6. Clear debris from edible gardens

After harvesting your final crop of herbs, vegetables, and fruits from your edible garden, clear away all remaining plant debris from the bed. Leaving dead or dying plant matter for the winter could preserve any existing pests and plant diseases into the new growing season. 

Once your beds are clear, break up the soil with a rototiller and test its pH level. If levels are low, the time to apply lime is now — it takes several months for a lime application to improve the soil.  

7. Plant spring bulbs

If you’ve always been a fan of colorful and often fragrant springtime flowers like hyacinths, tulips, daffodils, and crocuses, now’s the time to plant the bulbs that will bring you a bounty of blooms in April.
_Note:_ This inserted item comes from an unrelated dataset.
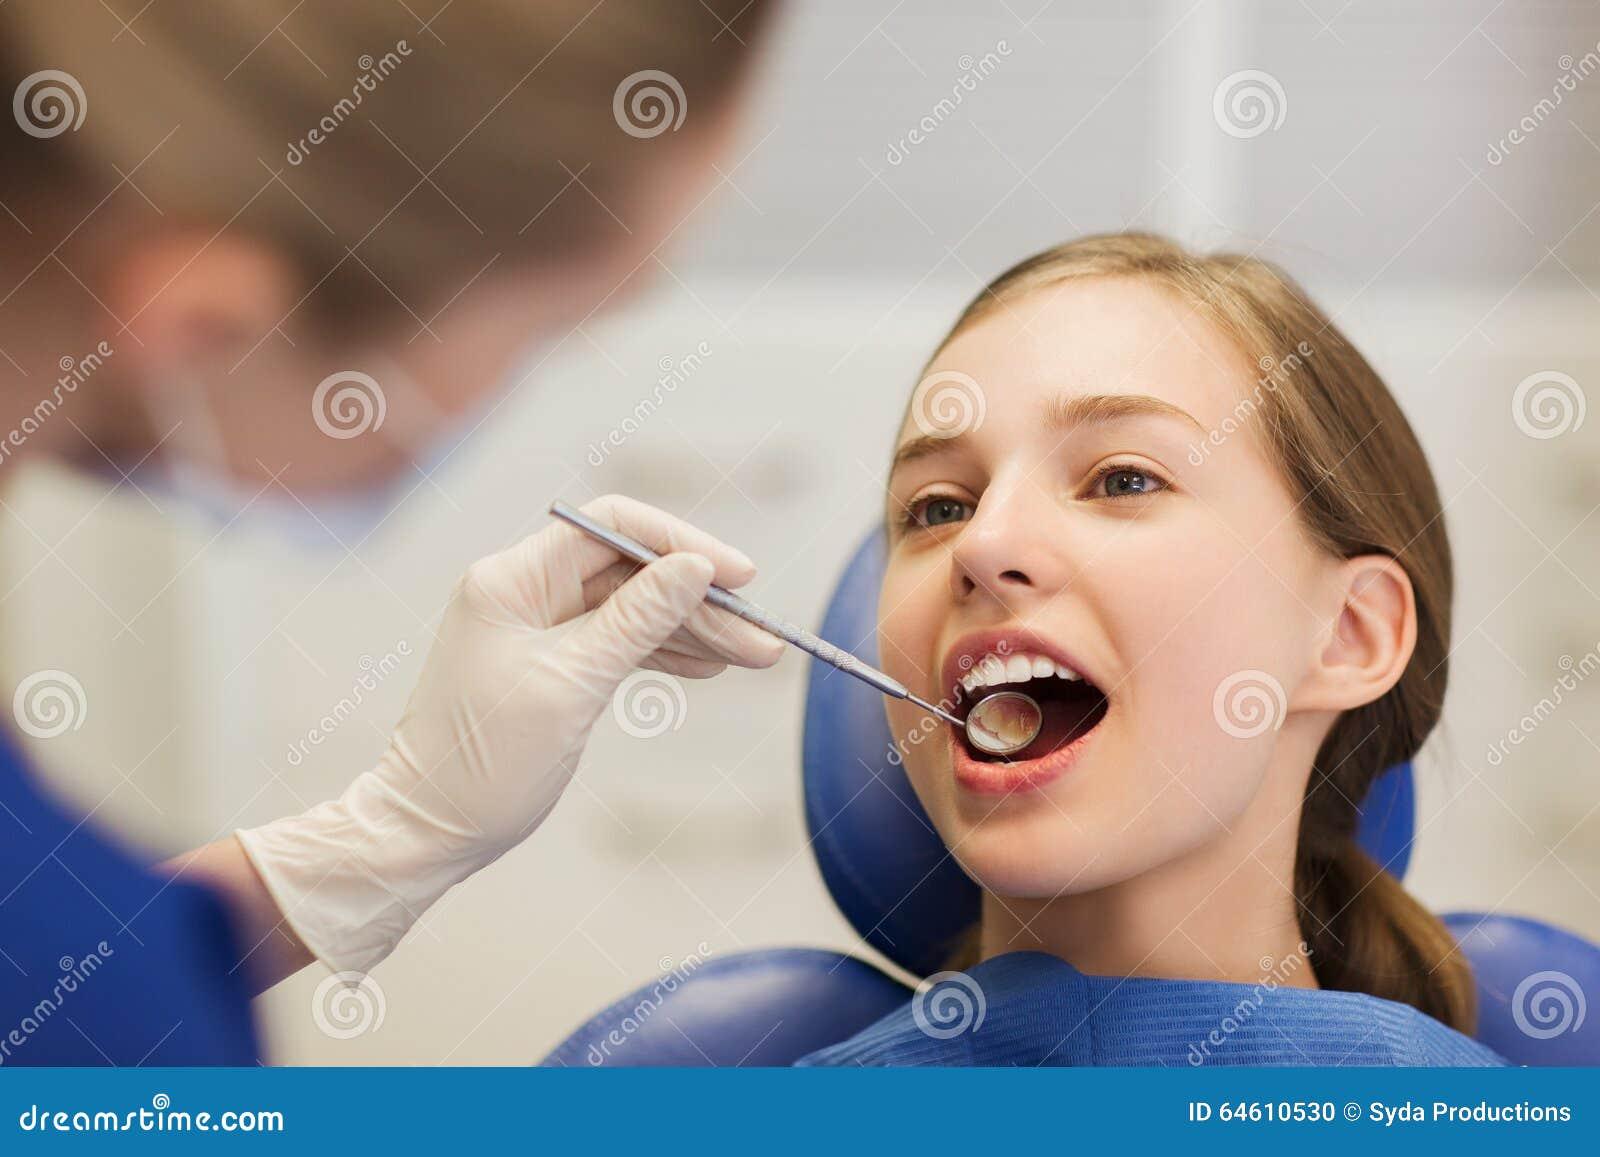 Dentiste féminin vérifiant les dents patientes de fille

Just be sure to pick a good spot to grow them; most bulbs do best in full sun. 

8. Insulate your garden beds

Once your garden beds are clear of the past season’s plant debris and you’ve planted the spring bulbs you’d like to grow, protect each bed with a generous layer of mulch (shredded wood and/or chopped leaves works just fine). To prevent rot, keep the mulch mixture at least three inches away from each plants’ main stalks. 

Outdoor Space Winterization

Taking the time to winterize your outdoor living space keeps each element in prime condition for years to come. It also helps you keep your space comfortable and usable all year long.

Outdoor space with a covered pergola

9. Clear off your deck or patio

Clear dirt and debris off your deck and patio regularly throughout the fall so leaves, twigs, and other remains of the season won’t be trapped by snow and ice until the spring thaw. Enduring a season of piled wet leaves and debris can rot wooden decks and stain stone or concrete surfaces.  

It’s also a good idea to remove outdoor furniture and planters and store them for the winter (see below). If you plan to use outdoor planters for winter greens, it’s best to keep them off wooden decks and concrete patios. 

10. Protect wood structures

Unpainted wood surfaces take a beating in a four-season climate like the one we have here in the Midwest; keep your wood structures in peak condition by applying a protective waterproof sealant every fall. 

This includes wooden decking, rails, steps, and built-in benches as well as unpainted wooden pergolas, gazebos, and pavilions. It’s also a good idea to seal wood outdoor furniture each fall, especially if you don’t plan to store it in a shed, garage, or basement.    

11. Close your outdoor kitchen

Prepare your outdoor kitchen for cold winter weather by cleaning it thoroughly. Cover your sink and built-in grill but keep your refrigerator and icemaker uncovered. After you unplug, empty, and clean the fridge, leave it slightly open to let it dry. Leaving your outdoor refrigerator this way until spring helps prevent mold.   

Don’t forget to shut off the main water line to your outdoor kitchen and drain all the water lines to your refrigerator, icemaker, and sink.

12. Store or cover outdoor furniture

Store your outdoor furniture in a shed, the garage, or the basement unless you plan to continue using it through the winter months. If you don’t plan to put it away, you can use special waterproof covers to protect it from the elements.  

Clean outdoor cushions and pillows and store them with your outdoor furniture, or, if you plan to continue using them, keep them in a waterproof outdoor box for easy access. Just don’t leave them out when they’re not being used.